According to the figure, the threads in a thread processor are scheduled in block multithreading manner, which means the thread won't be scheduled until it is stalled by a memory access. But in other places of the forum, it appears to me the threads are interleaved, which means the thread is scheduled every cycle(e.g. 4 threads in a thread processor at a time, cycle 0 T0, cycle 1 T1, cycle 2 T2, cycle 3 T3).
And I don't understand how the wavefronts are scheduled either. Some people say they are interleaved, right? 4 cycles for wavefront A, and another 4 cycles for wavefront B?
In that example, T0, T1, etc.. can be thought of as a single wavefront, or a hardware thread. Also, if you will notice, it is under the section stream processor scheduling, so it definitely is wavefronts and not individual threads. I'll see if I can get the wording corrected.
Thanks, I will think it over.
My question still stands:
Are the thread and wavefront scheduled in interleaved manner? The doc doesn't mention much about this.
The following is referenced from other threads in this forum:
1. From "Wavefront Question" and I made a little change(marked with underline)

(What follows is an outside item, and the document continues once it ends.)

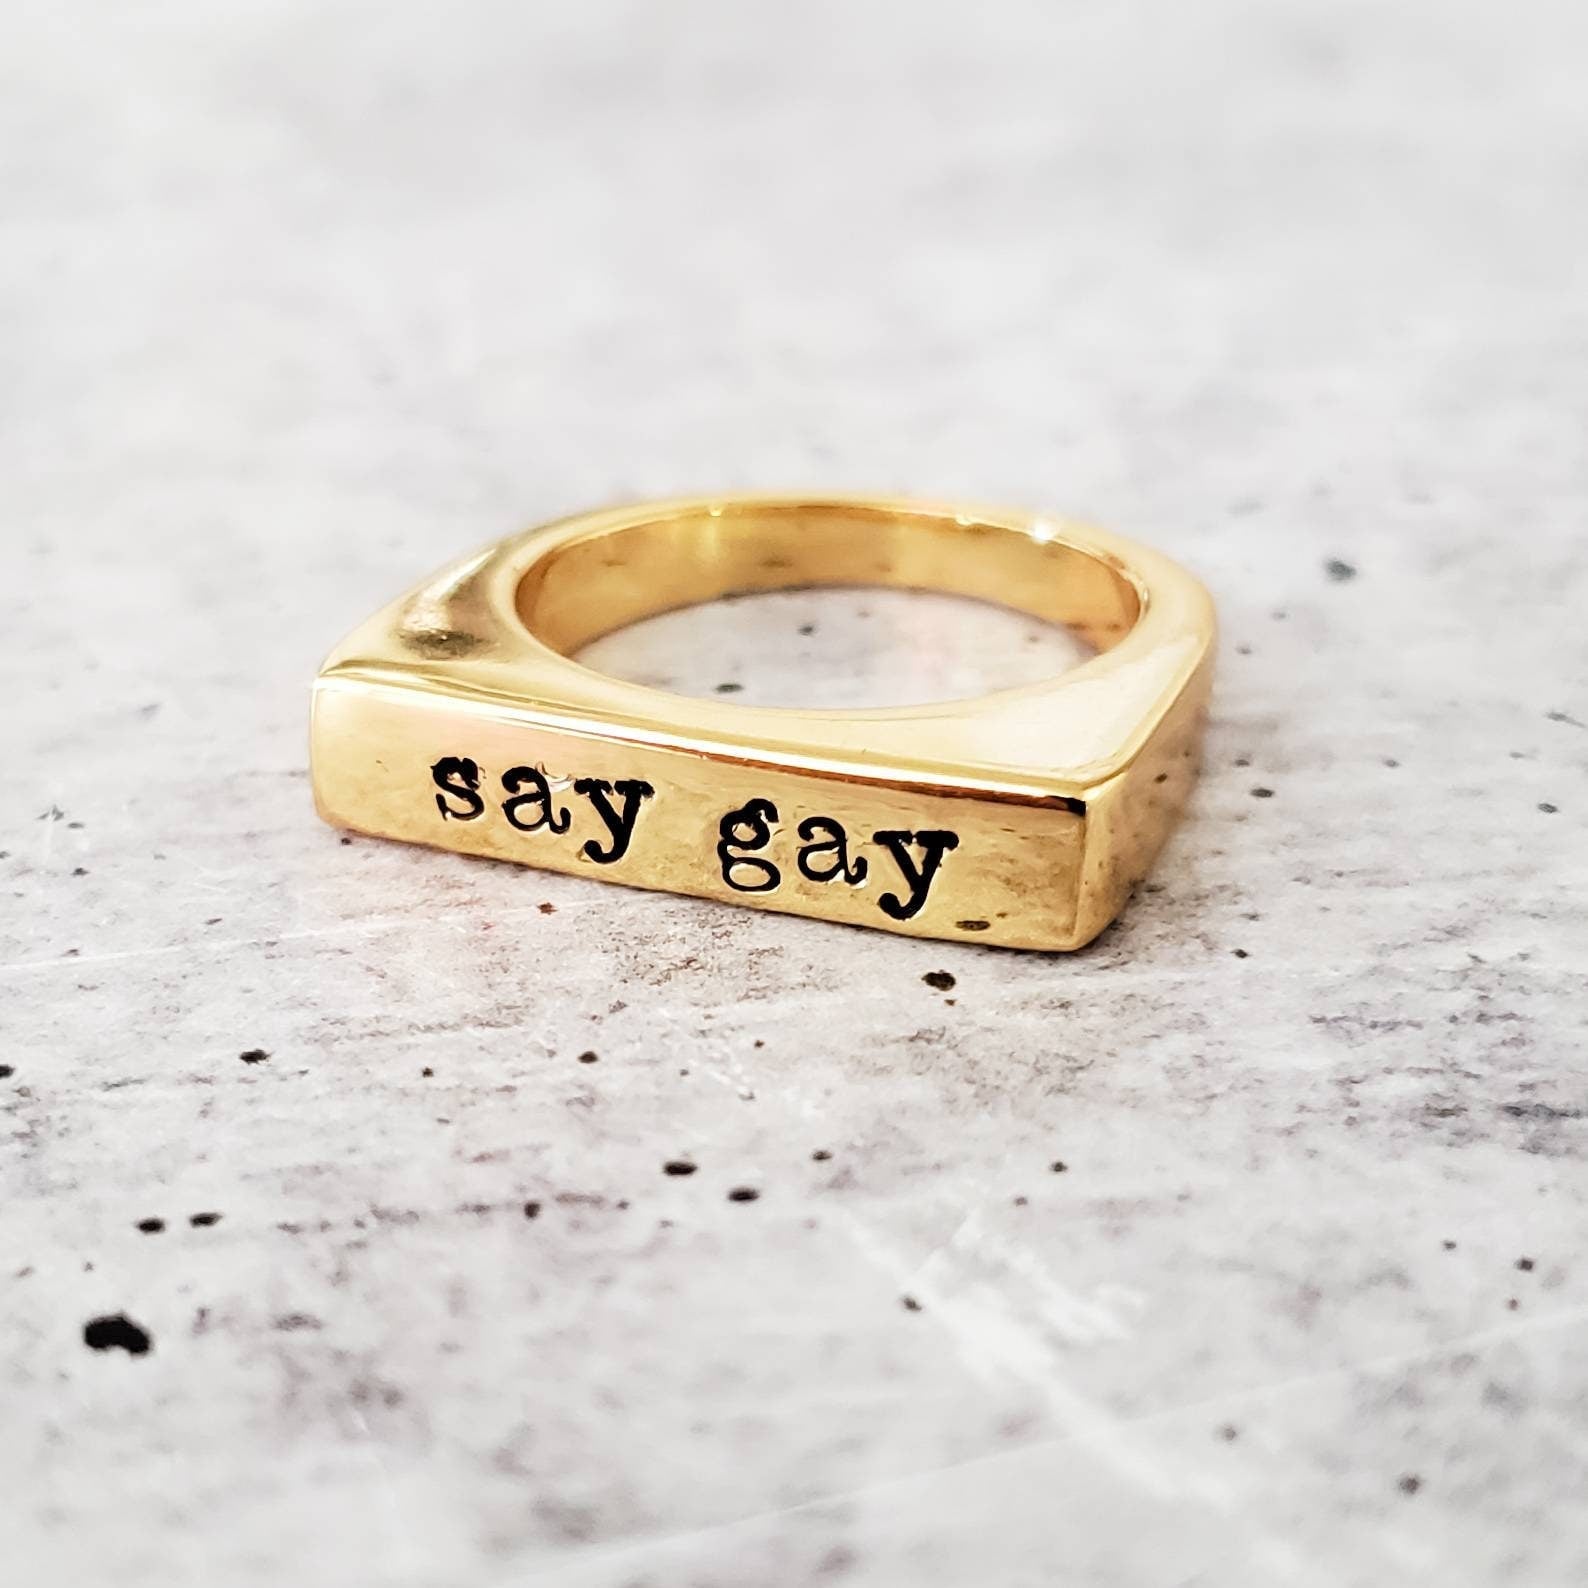 Say Gay Pride Ring -  LGBTQIA Jewelry - Political Gold Plated Ring - Personalized for Non Binary - Gay Pride Jewelry for Ally - Pride Month
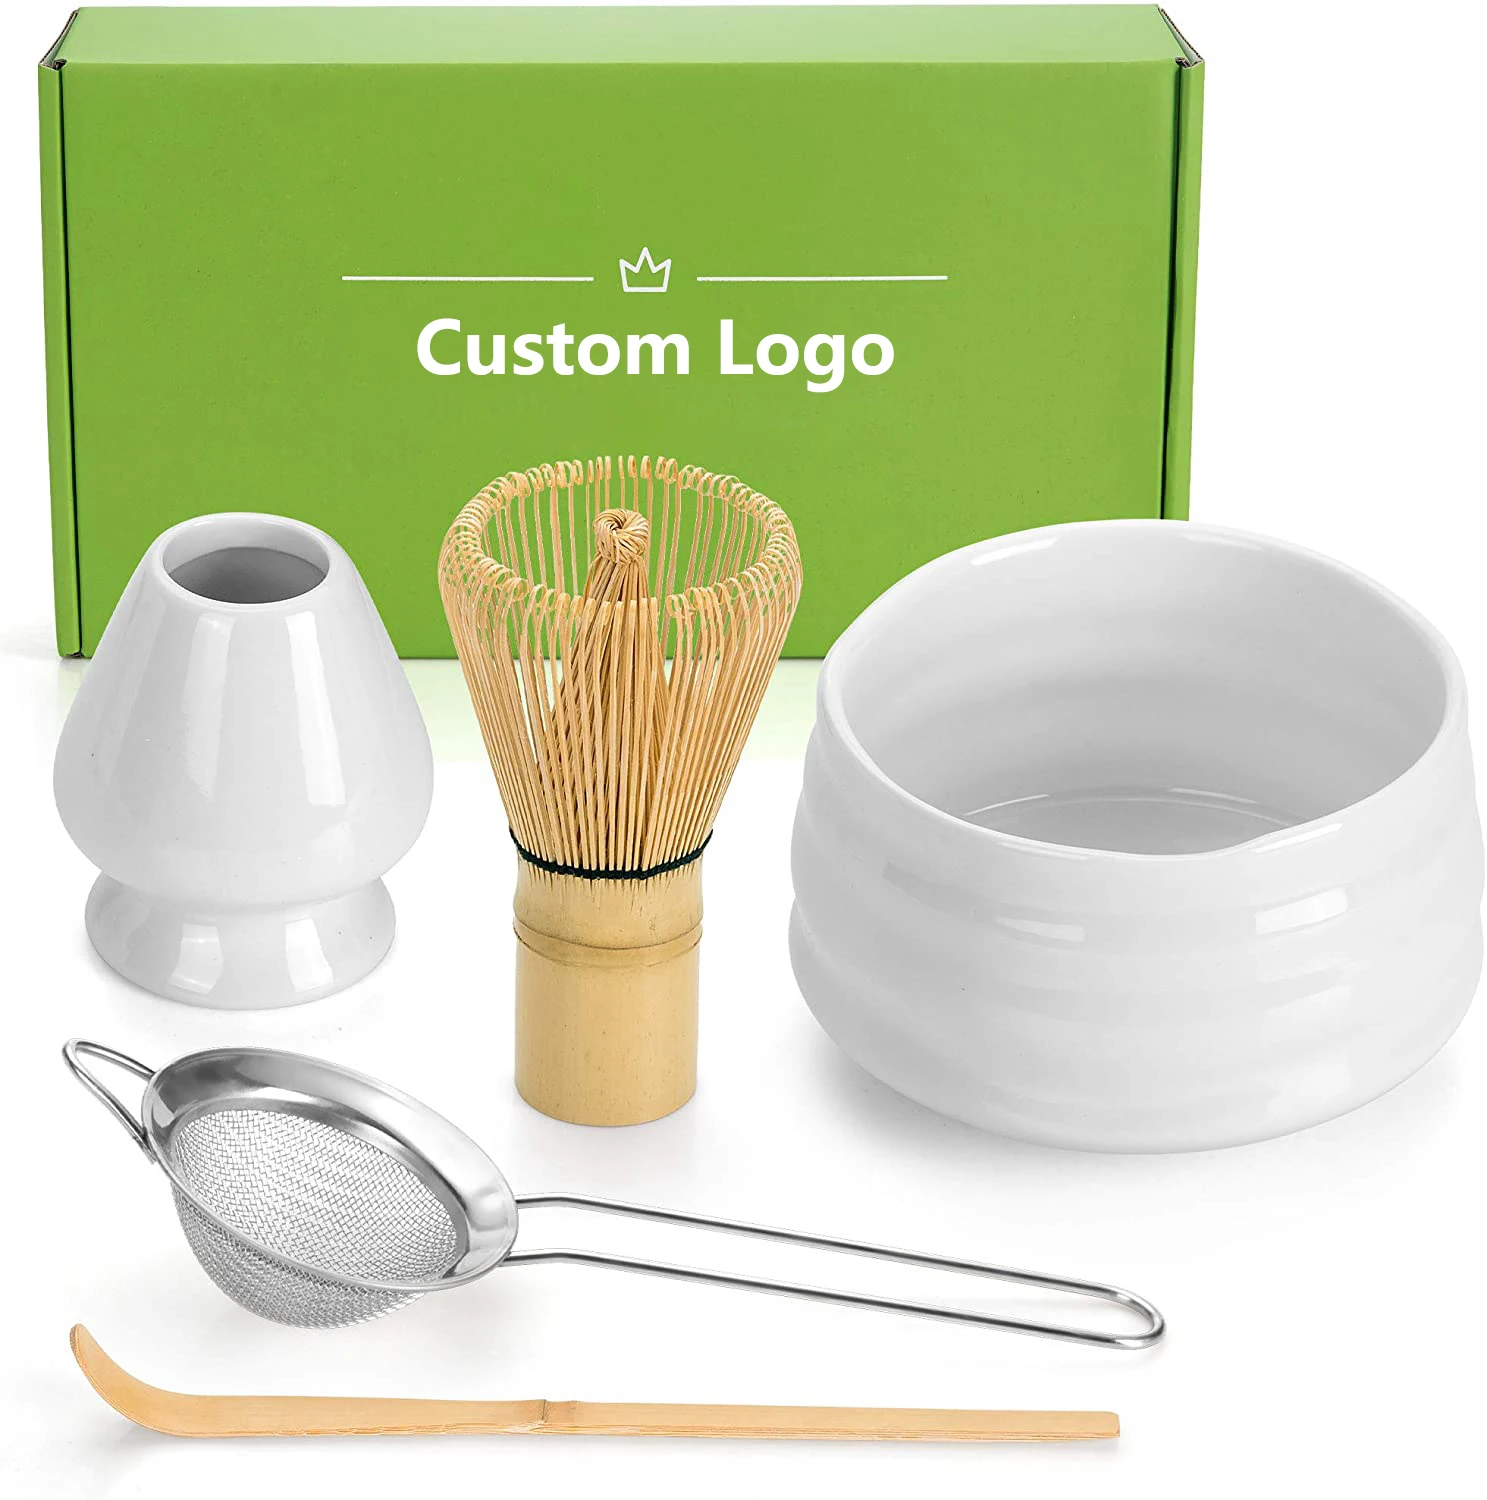 

Tiitee Wholesale Handmade Matcha Ceremony Kit With Matcha Whisk Traditional Bamboo Scoop Matcha Bowl Ceramic Whisk Holder, Natural bamboo color

"The execution domains is broken into blocks of 64 threads, called wavefronts, and schedules them to execute on a SIMD.
When executing on a SIMD, each wavefront is broken into 4 groups of 16, with each group executing on the four 2x2 blocks of thread processors per SIMD.
Each thread processor processes a 5-way VLIW instructions for a single thread, also called an ALU clause, or ALU bundle, or instruction group. 4 threads are interleaved over 4 cycles.
A wavefront continues executing on a simd for that ALU CF clause, which is made up of a lot of ALU bundles (up to 128), where it then returns to the thread dispatcher until it is scheduled to execute again."
2. From "Calculating the Bottleneck"
"The ALUs execute a pair of wavefronts at any one time, in a pattern of cycles that goes AAAABBBBAAAA....As for the wavefronts, although it is seen as 4 instr over 4 cycles, that assumes that both wavefronts are executing in parallel. So, wavefront A executes 4 instr over 4 cylces, then wavefront B executes, then A, then B. If B does not exist, A only executes every 8 cycles and not every 4."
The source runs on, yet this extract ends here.